The St Louis Public Library never tires of boasting that it is “inclusive”. What that means is that it now welcomes into its buildings people who will a) break glass windows and doors, b) squirt lighter fluid on security guards, c) threaten to blow up the building. “Inclusion” means not keeping those people out of such buildings. That knowledge ought to warm your heart and inspire your confidence.
The history of astronomy and space exploration is not “inclusive”, nor could it be, a fact that Americans understood years ago but don’t want to understand today. Like anything else requiring brains and talent, they involve hierarchy. A photograph taken in 1964 shows 275 members of the American Astronomical Society: 219 White men, 52 White women, and 4 non-White men. (Sky and Telescope magazine, March 1964, pp. 148-49)
The fraud called “inclusion” is why visitors to the Planetarium today will not hear classical music, as we did in the 1960s: Because it represents hierarchy and uplift, something far better than the primitive noise and filth that are now blasted everywhere and that proponents of “inclusion” demand that we respect and celebrate.

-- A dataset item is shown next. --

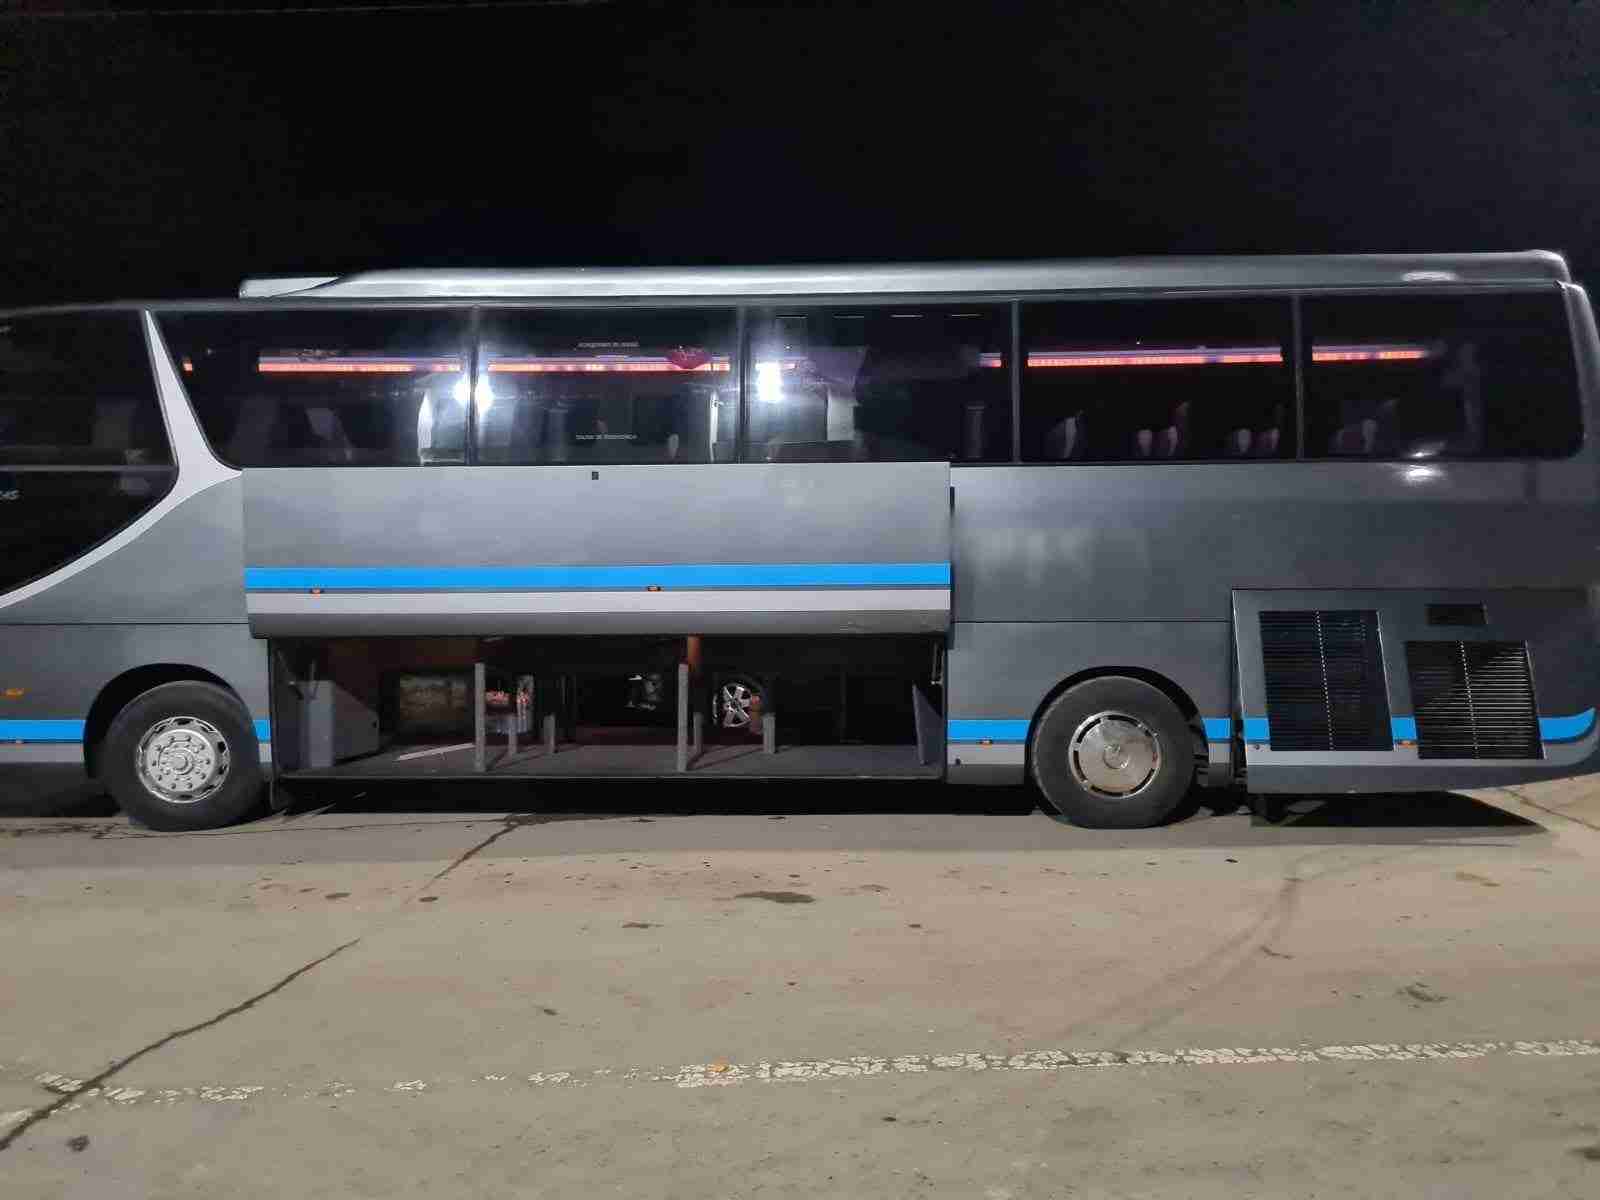 Велика нічна розпаковка: прикордонники затримали групу туристів через контрабанду в автобусі (ФОТО)

I visited the Planetarium with three friends. They are good people, articulate, sensible, and well-educated, but also a decade younger than me, hence cannot remember the Planetarium in its early years or much about American culture before 1965. They enjoyed the visit, and I was happy for them. Thoughts like those I express in this essay would never occur to them — such is the difference in frame of mind between my generation and theirs. They have no idea what life was like in this country before the 1960s radical-leftist cultural revolution. They cannot imagine a frame of mind in which rock “music”, feminism, and conversations laced with profanity are not favorably accommodated.
I count myself extremely fortunate to have known the Planetarium as it was in those early years, which were also the twilight years of a nation and social order that were at least semi-rational, not long before the custodians of that nation would agree to adopt the 1960s-teenage-boy frame of mind to show how hip-and-cool they could be.
It was there that I purchased magazines about astronomy; became friends with the Planetarium’s assistant director; ascended the catwalk to the observation deck on top of the building; walked throughout an extensive exhibit of satellites, spacecraft, and rockets during “Space Exposition” month in May 1965; and attended lectures by astronomers Donald Menzel, Peter van de Kamp, and J. Allen Hynek.
I have no objection to fun houses or platforms for propaganda. Americans today have an excess of both. But they are not satisfied with mere excess; total conquest is their goal. They want every building, space, and cultural institution made into a fun house to keep us amused and diverted. That is why I object to museums, planetariums, and libraries being dumbed down. They should be left alone to be what they have always been — without fun and games, “inclusion”, and political ideology.
— Comments —
Terry Morris writes:
Alan writes:
“Today, signs and brochures proclaim that the James S. McDonnell Planetarium and its neighboring Science Center in St. Louis aspire to be “inclusive”. In other words, buildings ostensibly devoted to science are now surrendered to political sloganeering.”
They don’t “aspire” to be inclusive, they emphatically are inclusive – inclusive of every freak and deviant “lifestyle” and human behavior under the sun, as Alan well knows. Meanwhile, they shutter normal people out, “cancel” us, and so on. This is the death knell of Western Civilization writ large. See y’all on the other side!